# WHAT YOU ARE ASKED TO DO:
An exact copy of the data is required. No picture may appear in it.

[PROVIDED MATERIAL — start]

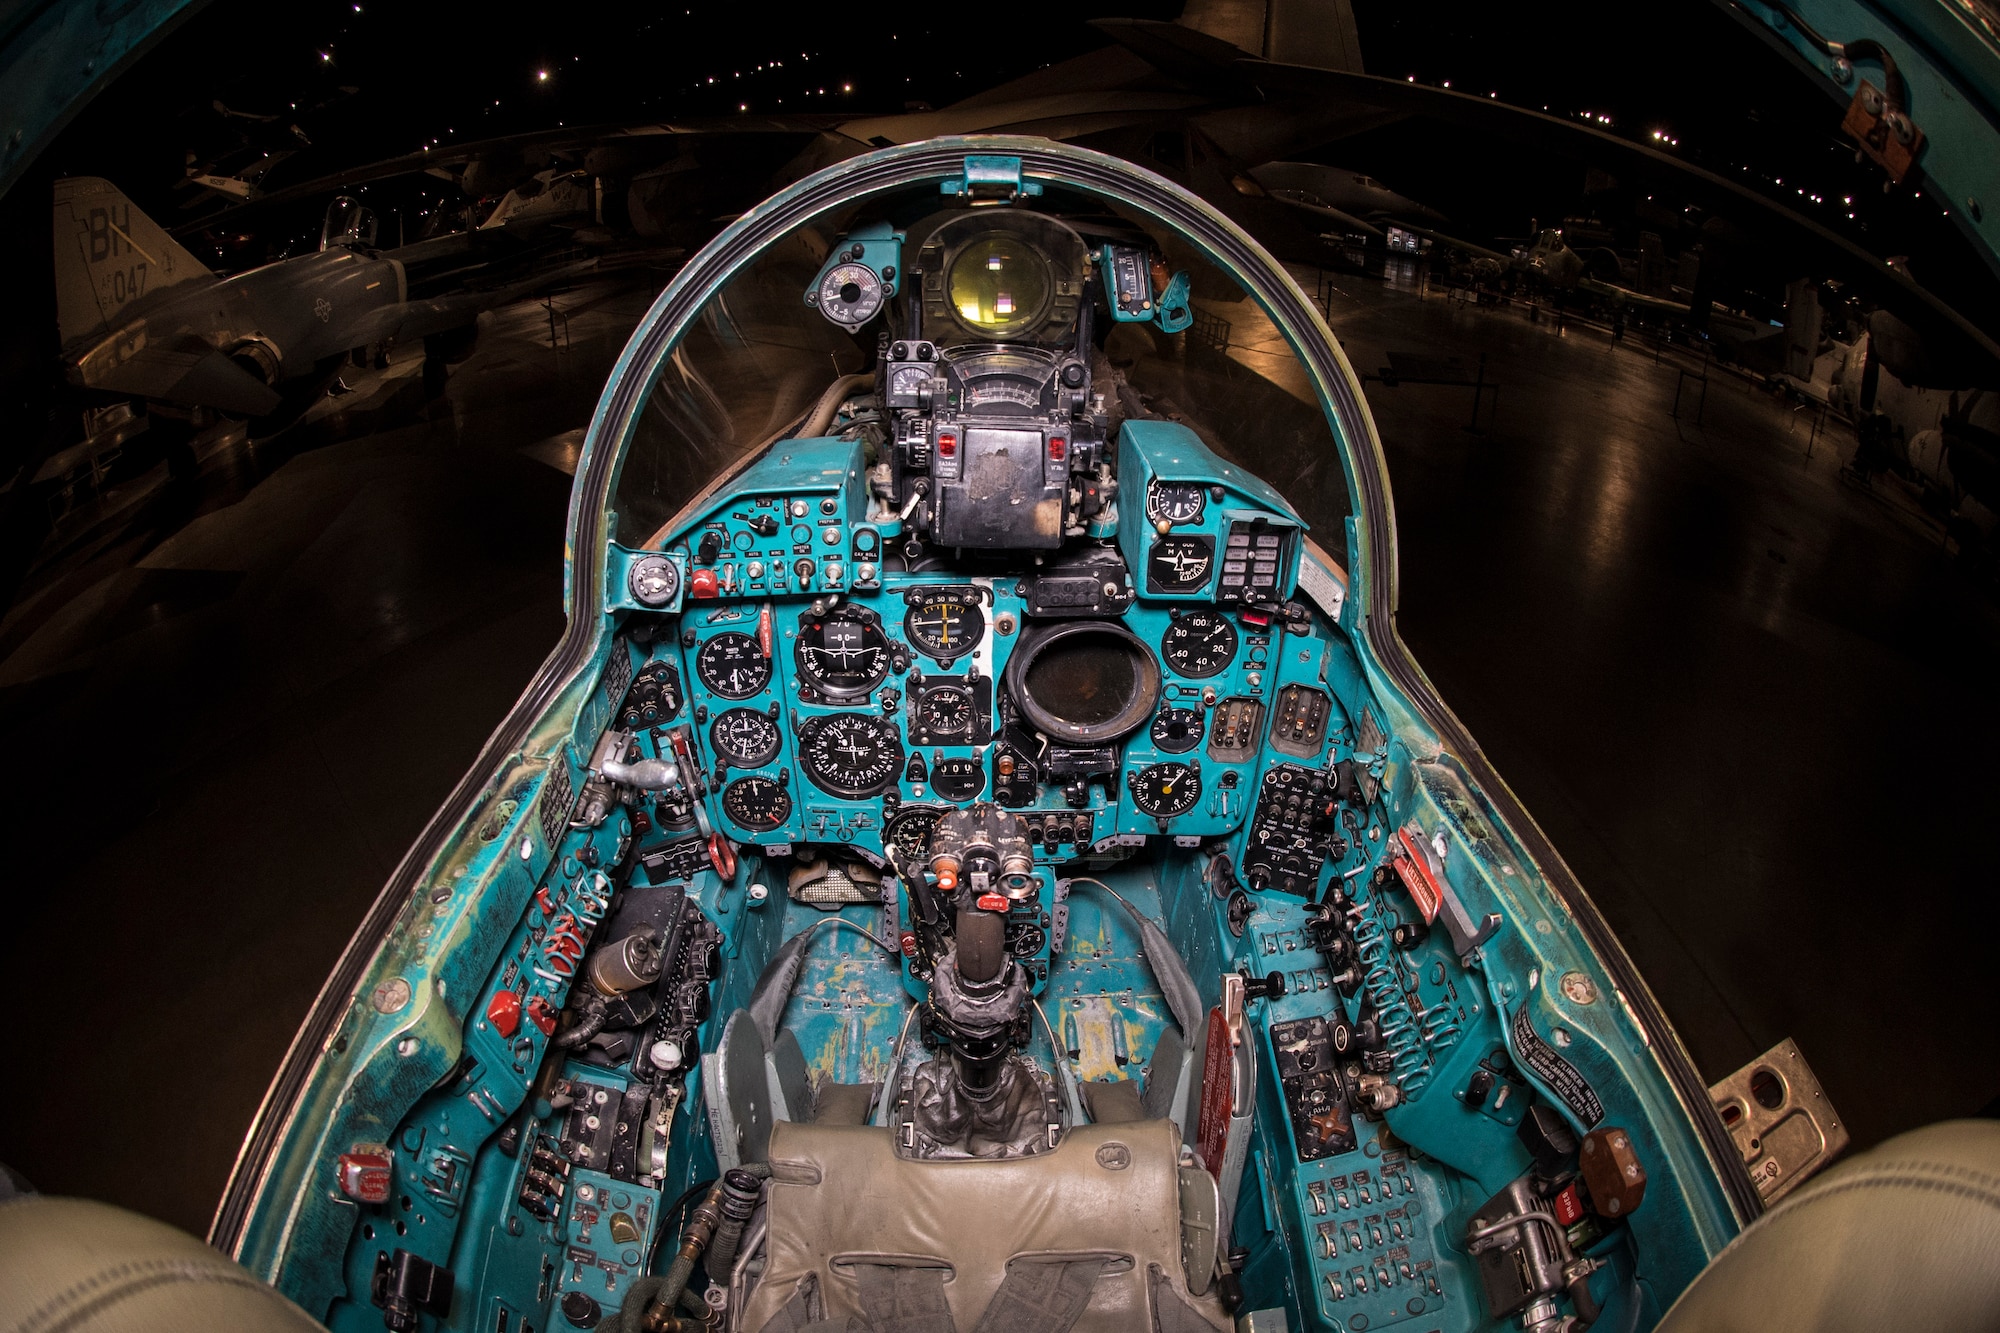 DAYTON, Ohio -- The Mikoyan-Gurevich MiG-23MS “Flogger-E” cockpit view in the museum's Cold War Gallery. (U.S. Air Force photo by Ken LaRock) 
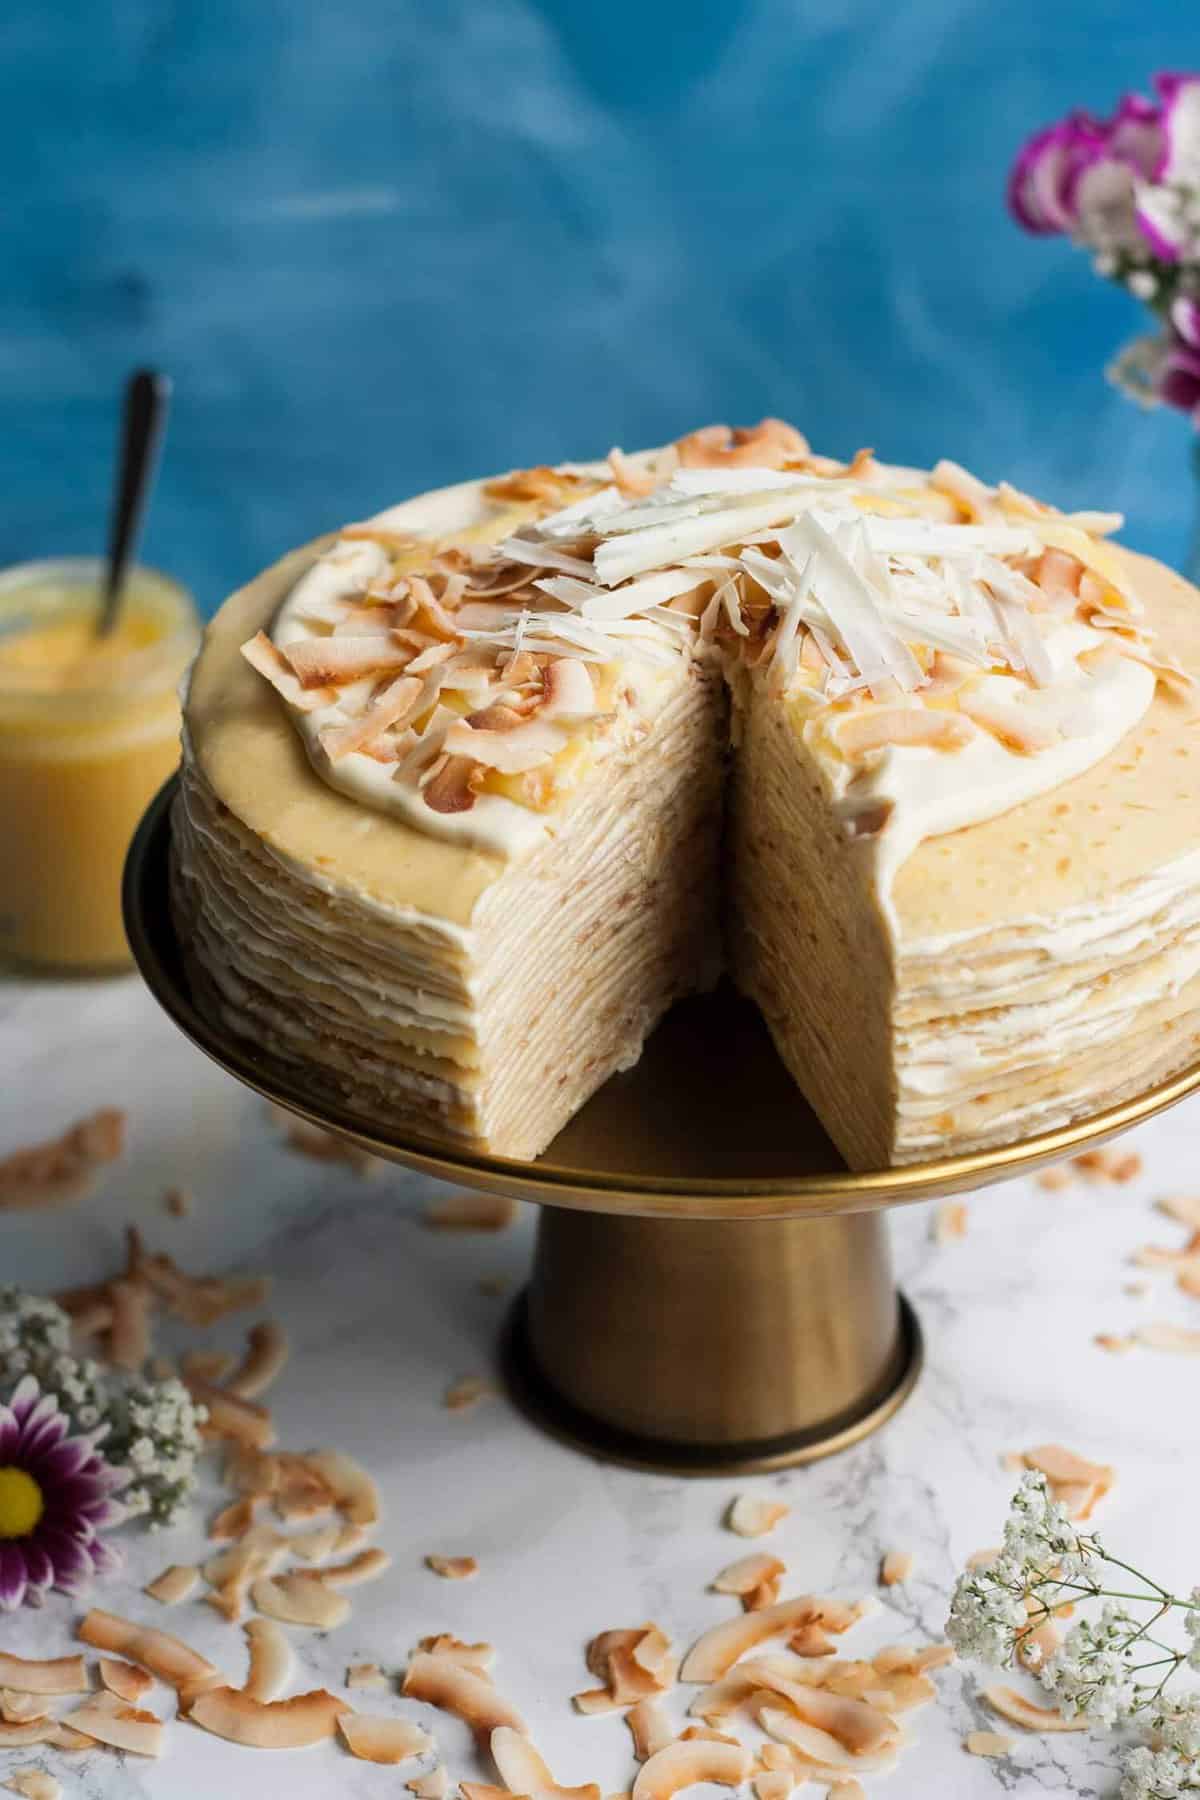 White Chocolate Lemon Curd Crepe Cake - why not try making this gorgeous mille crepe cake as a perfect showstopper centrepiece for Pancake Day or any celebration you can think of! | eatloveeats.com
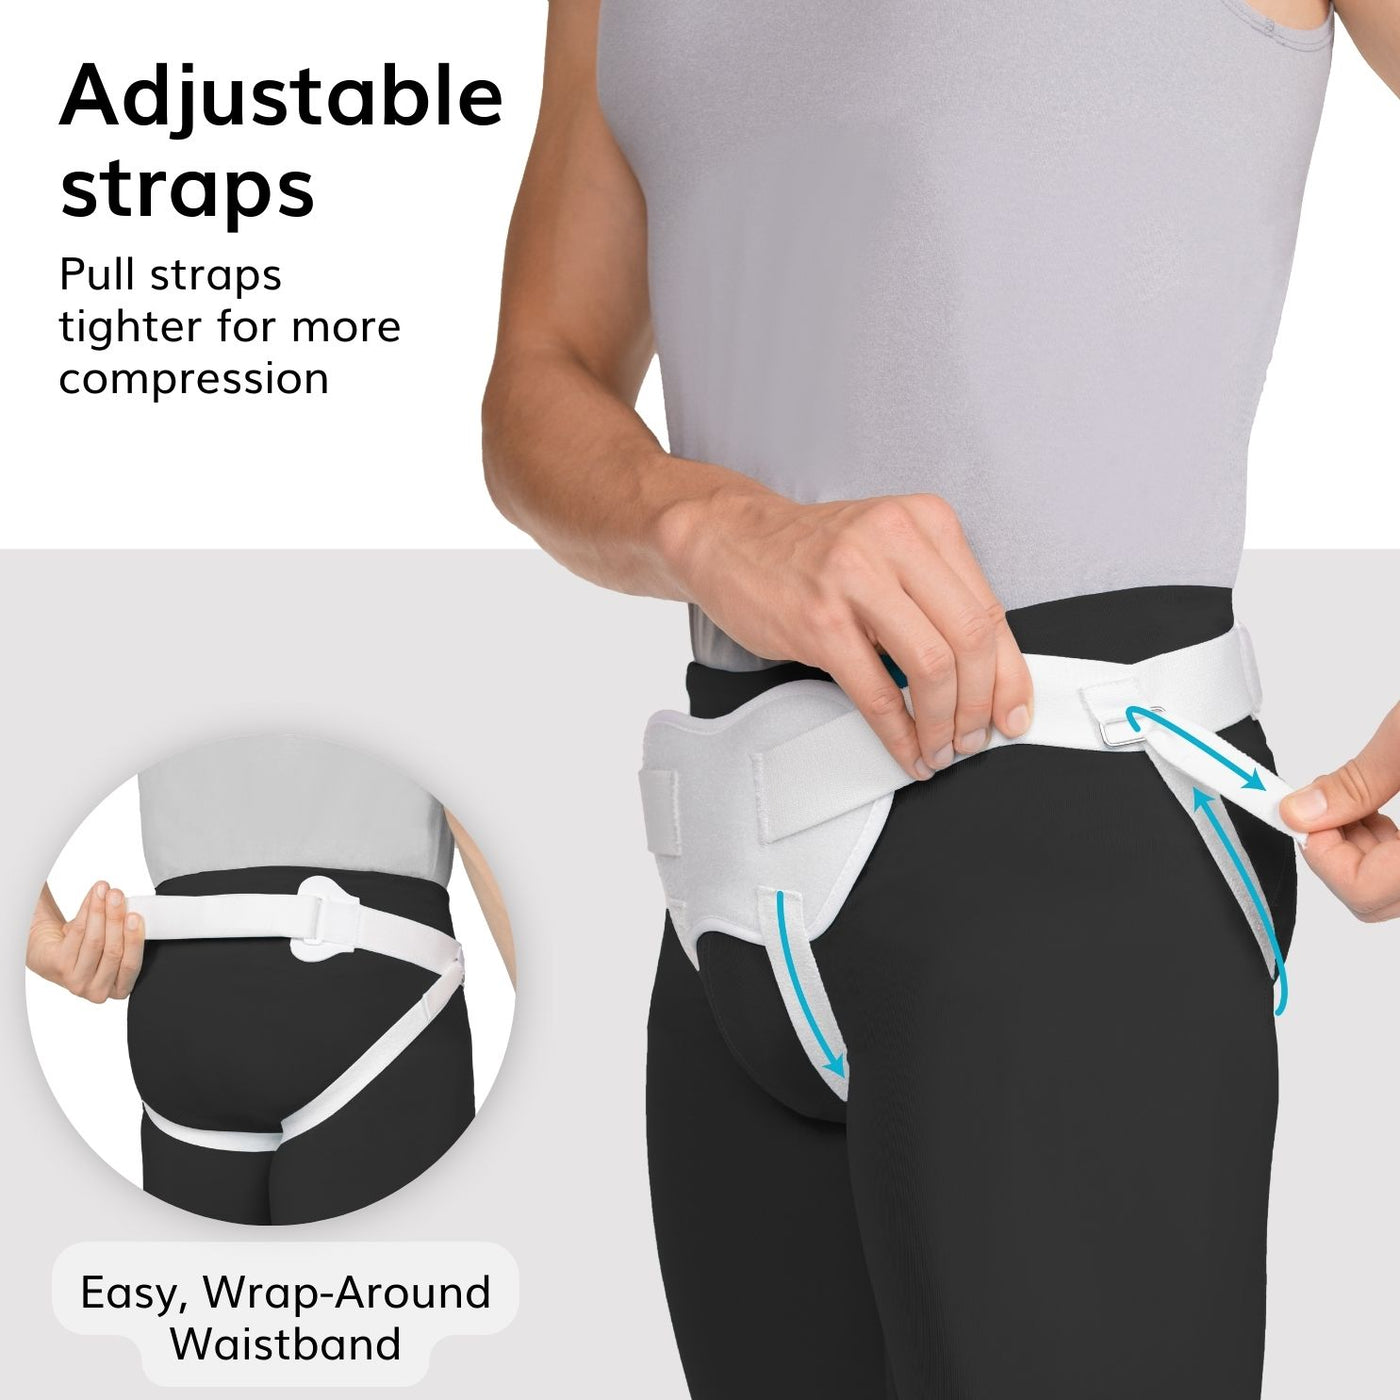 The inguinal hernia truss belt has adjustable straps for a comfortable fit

[PROVIDED MATERIAL — finish]

# ANSWER TO THIS TASK:
 DAYTON, Ohio -- The Mikoyan-Gurevich MiG-23MS “Flogger-E” cockpit view in the museum's Cold War Gallery. (U.S. Air Force photo by Ken LaRock) 
 White Chocolate Lemon Curd Crepe Cake - why not try making this gorgeous mille crepe cake as a perfect showstopper centrepiece for Pancake Day or any celebration you can think of! | eatloveeats.com
 The inguinal hernia truss belt has adjustable straps for a comfortable fit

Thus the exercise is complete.